NEURAL NETWORK BASED INSERTION OF WATERMARK INTO IMAGES AND TAMPERING DETECTION THEREOF

机译:基于神经网络的水印插入图像及其篡改检测

摘要

Systems and methods for insertion of a watermark into images and tampering detection of the watermarked images by a Convolutional Neural Network (CNN) technique. The traditional systems and methods provide for detecting the tampering of the watermarked images by simply identifying a presence of an inserted watermark into an image but none them provide for inserting a random sequence into input image(s) and then detect the tampering by classifying the input image(s) by a neural network.
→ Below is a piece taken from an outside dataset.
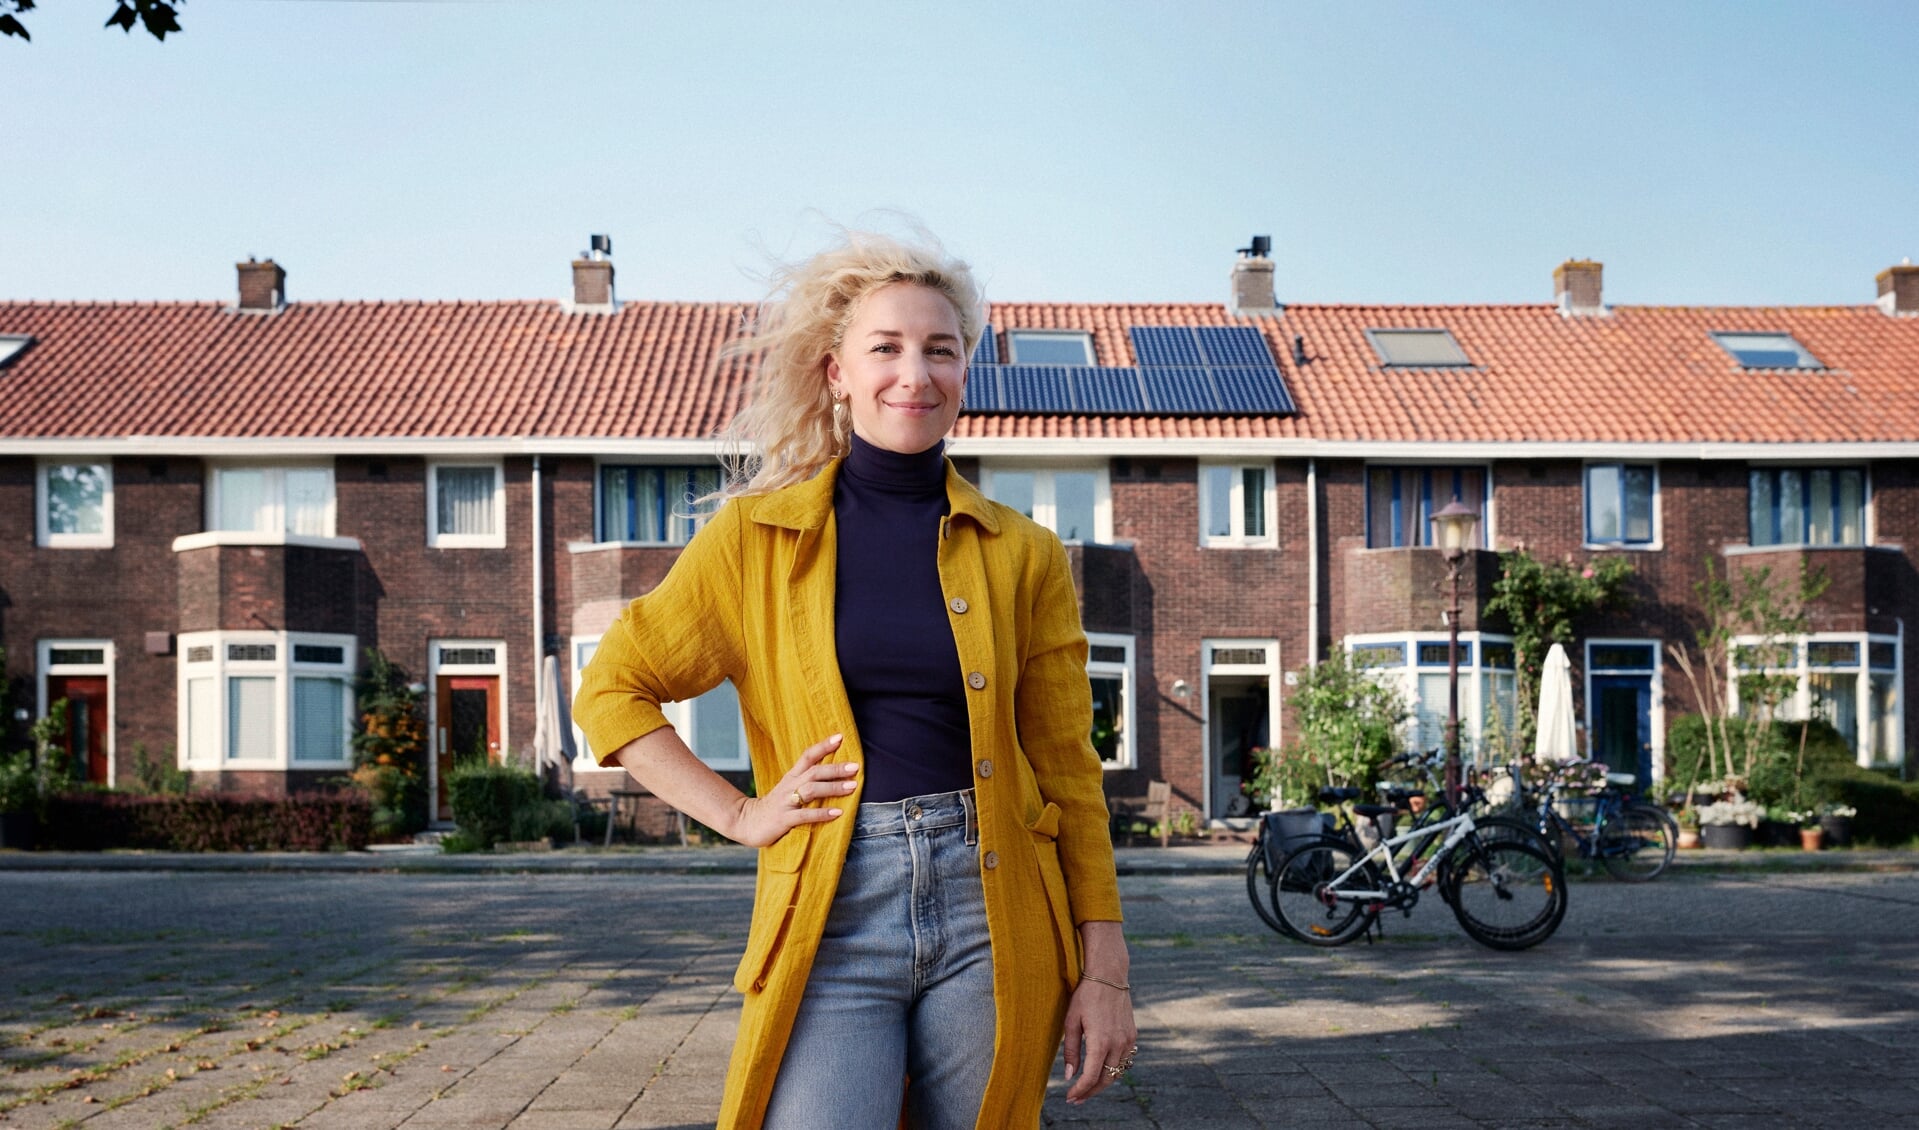 Wie wordt de Klimaatburgemeester van Hellendoorn en inspireert anderen om ook bij te dragen aan verlaging van de CO2-uitstoot?

Embodiments of the present disclosure provide for insertion of the watermark into the input image(s) and tampering detection of the watermarked images by training a Convolutional Neural Network (CNN) 201 to classify the images as tampered or non-tampered, extracting random noise, obtaining non-classified watermarked images from the random noise, and obtaining, from the non-classified watermarked images, classified watermarked images and detecting an absence or a presence of the tampering based upon the classified watermarked images.
机译:通过卷积神经网络(CNN)技术将水印插入图像并篡改水印图像的系统和方法。传统的系统和方法通过简单地识别在图像中插入水印的存在来检测水印图像的篡改,但是它们都不提供将随机序列插入到输入图像中,然后通过对输入进行分类来检测篡改。神经网络的图像。本公开的实施例提供了通过训练卷积神经网络(CNN) 201 将水印插入到输入图像中以及对水印图像的篡改检测,以将图像分类为篡改或非篡改。 -篡改,提取随机噪声,从随机噪声中获得未分类的水印图像,并从未分类的水印图像中获得分类的水印图像,并基于分类的水印图像检测篡改的存在与否。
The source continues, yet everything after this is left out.